JONATHAN SILVER AND THE PITTSBURGH POST-GAZETTE, APPELLANTS
v.
BOROUGH OF WILKINSBURG



The opinion of the court was delivered by: Anne E. Covey, Judge

BEFORE: HONORABLE DAN PELLEGRINI, President Judge HONORABLE BONNIE BRIGANCE LEADBETTER, Judge HONORABLE RENEE COHN JUBELIRER, Judge HONORABLE ROBERT SIMPSON, Judge HONORABLE MARY HANNAH LEAVITT, Judge HONORABLE PATRICIA A. McCULLOUGH, Judge HONORABLE ANNE E. COVEY, Judge

Argued: November 14, 2012

OPINION BY

JUDGE COVEY

PG Publishing Company d.b.a. The Pittsburgh Post-Gazette and Jonathan Silver (collectively, Gazette) appeal from the Allegheny County Common Pleas Court's (trial court) January 25, 2012 order affirming the Final Order of the Office of Open Records (OOR) affirming Wilkinsburg Borough's (Borough) decision to grant limited access to an employment termination letter, thereby redacting all information contained in the letter except the employment termination language itself and that the employee had been given notice of said employment termination. There are two issues before this Court: (1) whether Section 708(b)(7)(viii) of the Right-To- Know Law (RTKL),*fn1 which requires production of a final action, means the entire employment termination letter which contains prior disciplinary action or only the employment termination language and notice given to the employee, and (2) whether the Borough waived its argument that the employment termination letter was not a final action. We affirm.

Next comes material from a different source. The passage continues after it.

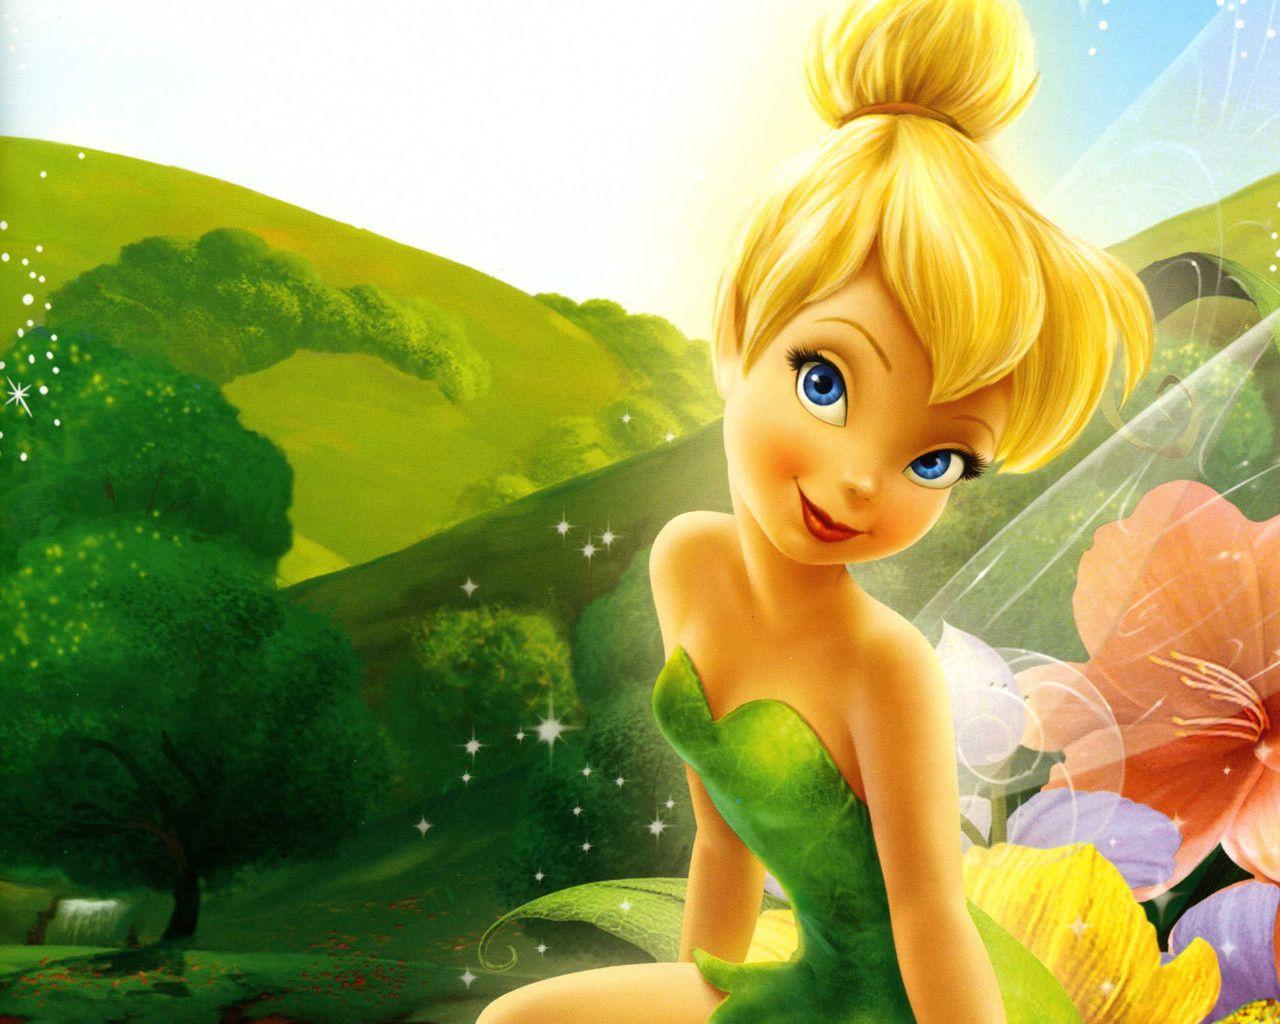 Wallpaper Ideas About Tinkerbell With Beautiful Picture Of Tinker
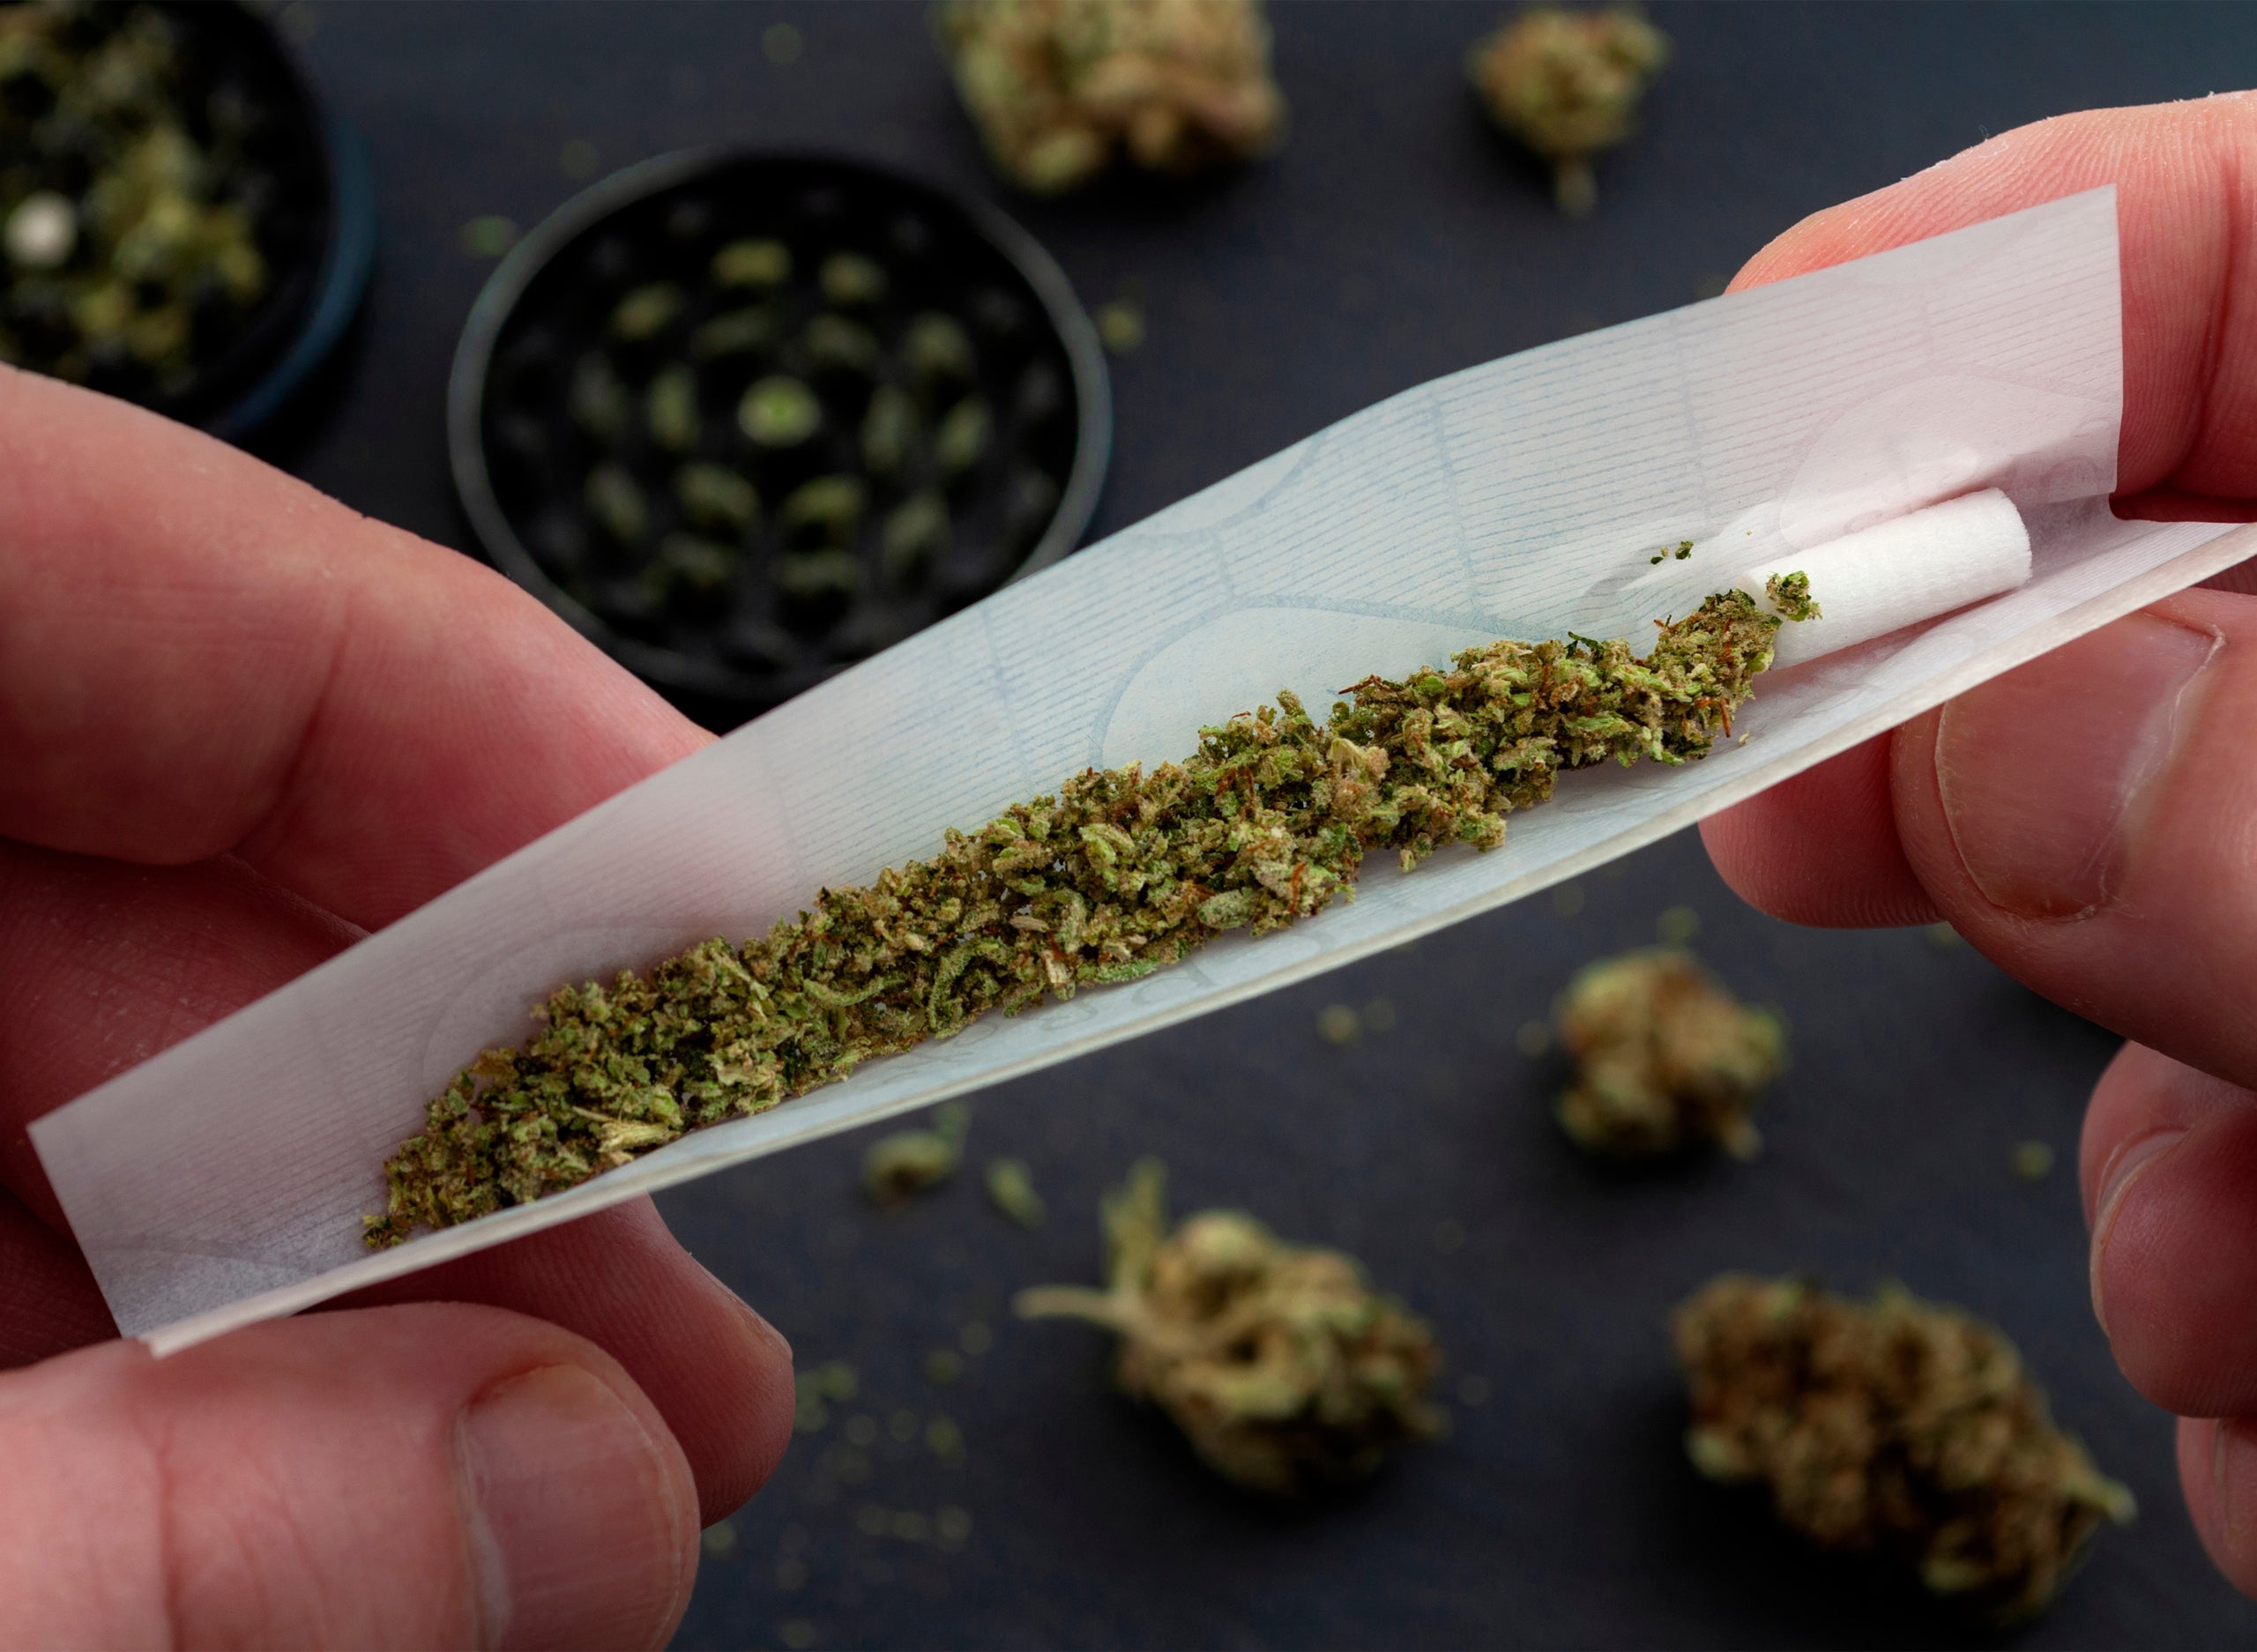 how to roll a blunt step by step

On August 2, 2011, the Gazette submitted a request under the RTKL to the Borough seeking, among other items, a former Borough employee's employment termination letter. The Borough produced a redacted copy of the employment termination letter. The Gazette appealed to the OOR, which issued a Final Determination affirming the Borough's decision to grant limited access to the employment termination letter. The Gazette appealed to the trial court. The trial court reviewed the unredacted employment termination letter in camera and determined that the redacted material related to previous disciplinary action. On January 25, 2012, the trial court affirmed the OOR's Final Determination. The Gazette appealed to this Court.*fn2

The Gazette first argues that the exception within the general exemption of Section 708(b)(7)(viii) of the RTKL, related to the final action of an agency resulting in an employee's demotion or discharge, requires production of the complete final action which in this case the Gazette contends is the entire employment termination letter. Specifically, the Gazette contends that although Section 708(b)(7)(viii) of the RTKL exempts information relating to an agency employee's discipline, demotion or discharge, the second sentence of Section 708(b)(7)(viii) of the RTKL specifically states an exception for a final action of an agency that results in demotion or discharge. Consequently, the Gazette avers, because an employment termination letter is a final action resulting in discharge, the entire letter should have been produced. We disagree.

Section 708(b)(7)(viii) of the RTKL specifically exempts from access "[i]nformation regarding discipline, demotion or discharge contained in a personnel file [relating to an agency employee]. This subparagraph shall not apply to the final action of an agency that results in demotion or discharge."*fn3 Thus, the issue becomes whether the employment termination letter is the "final action" of the agency.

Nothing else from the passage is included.